## TASK TO COMPLETE:
Reproduce the listing below from the line with "saakaszi - ZAORANE." to the line with "#neuropa #bekazprawakow #polska", both lines included, character for character, minus any pictures.

## MATERIAL FOR THIS TASK:
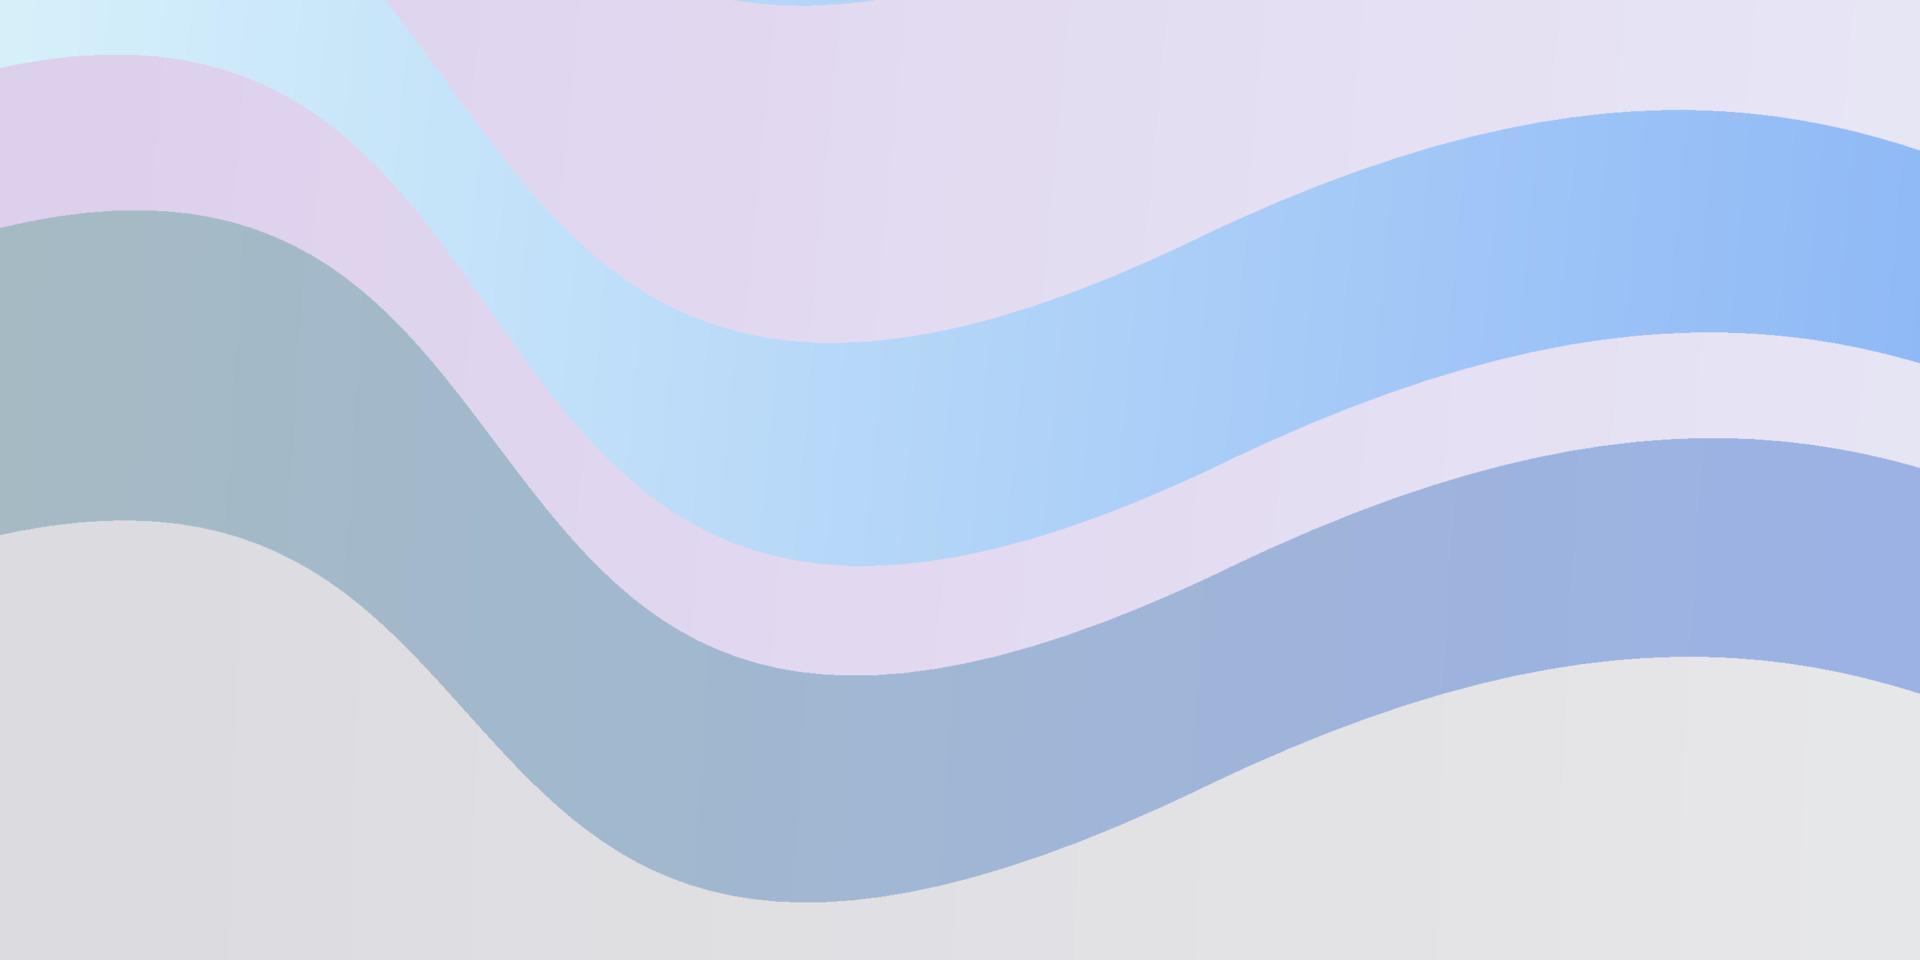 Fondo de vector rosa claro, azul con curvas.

...

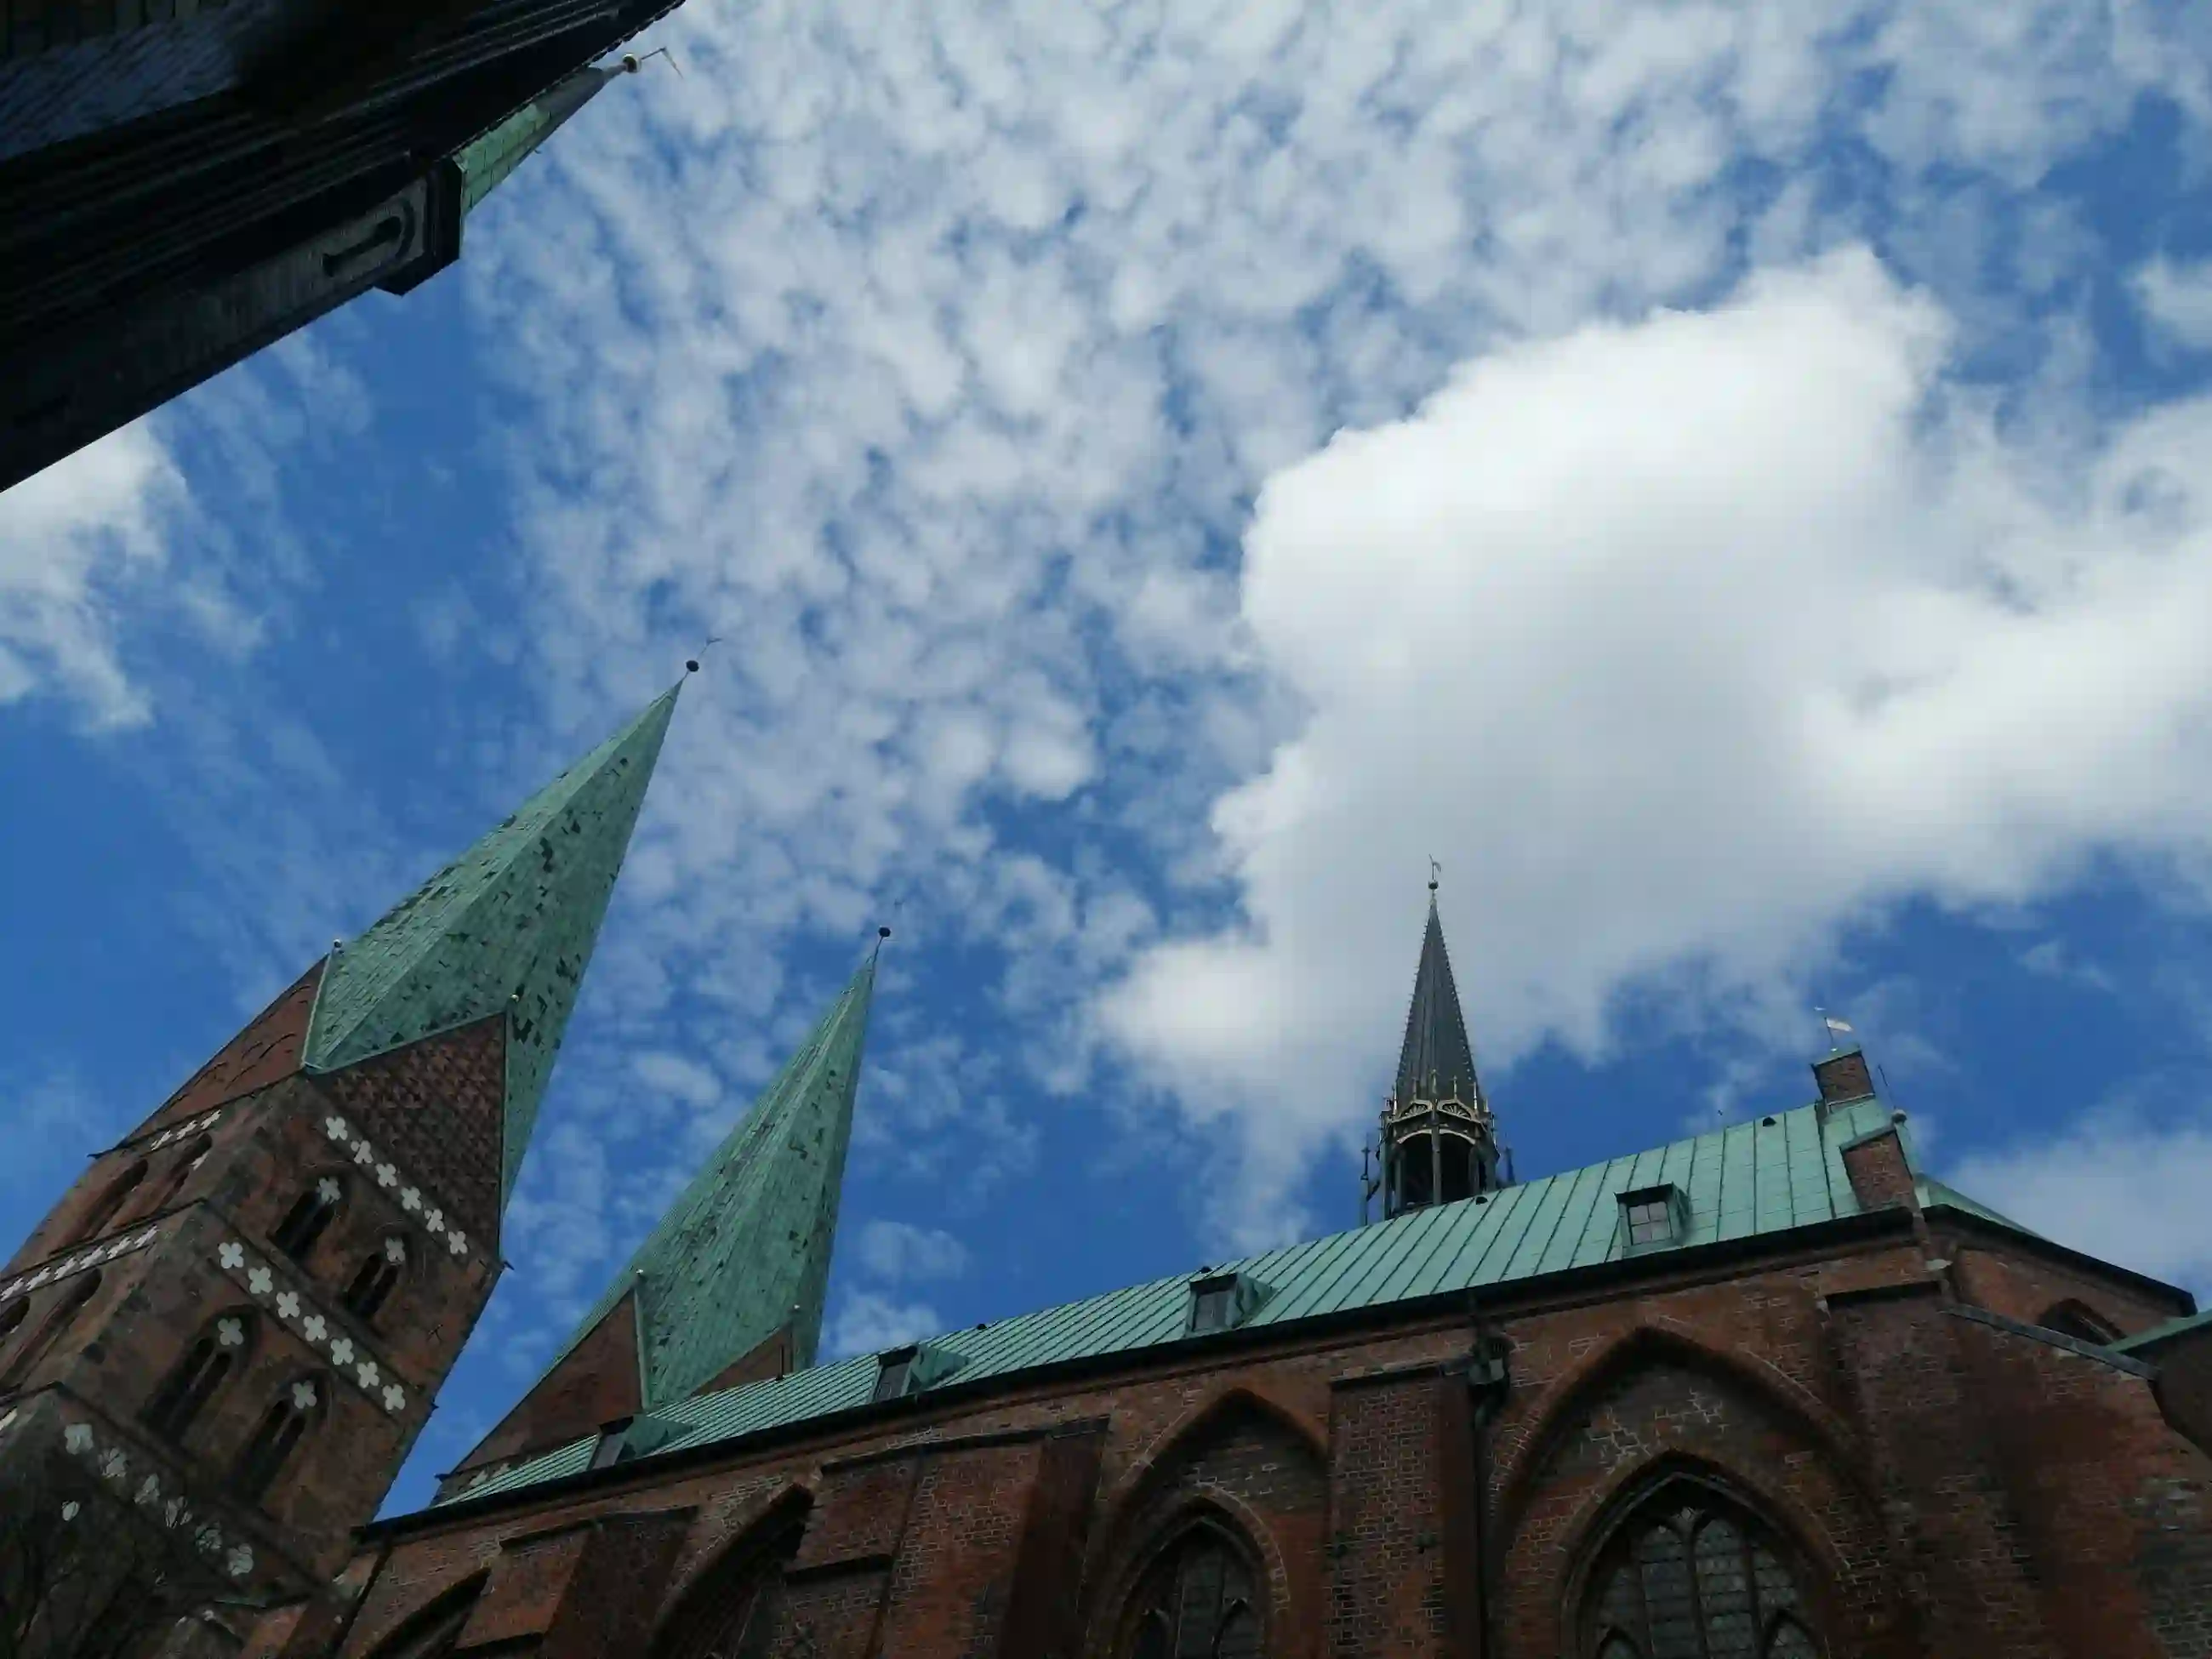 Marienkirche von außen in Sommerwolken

...

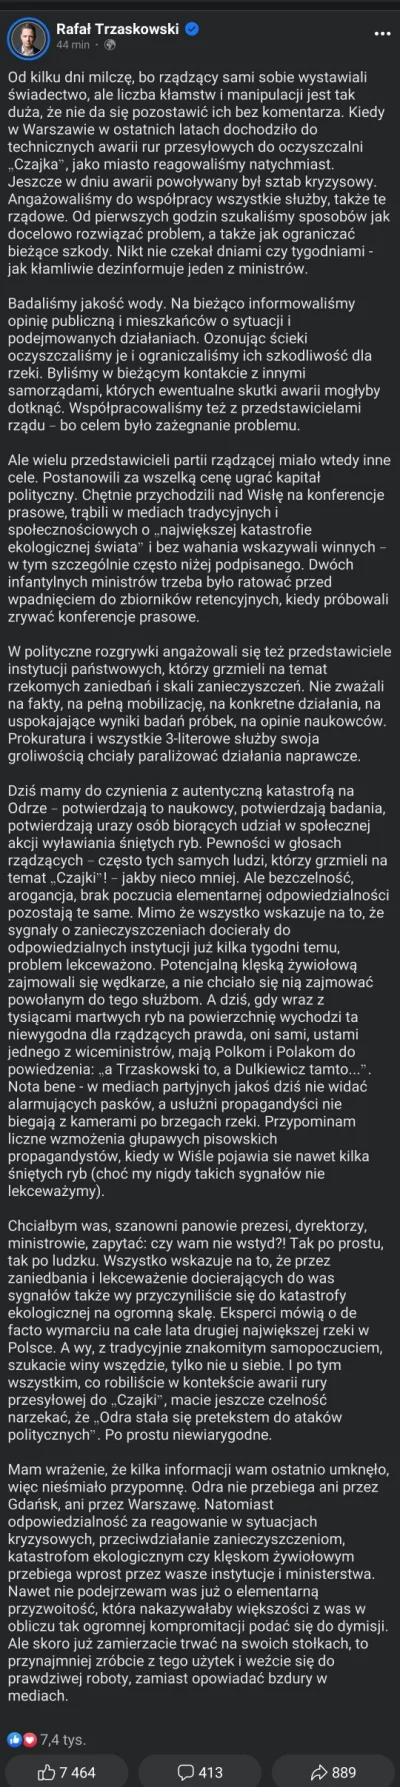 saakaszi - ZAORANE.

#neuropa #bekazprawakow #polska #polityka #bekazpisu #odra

## EXERCISE OUTPUT:
 saakaszi - ZAORANE.

#neuropa #bekazprawakow #polska #polityka #bekazpisu #odra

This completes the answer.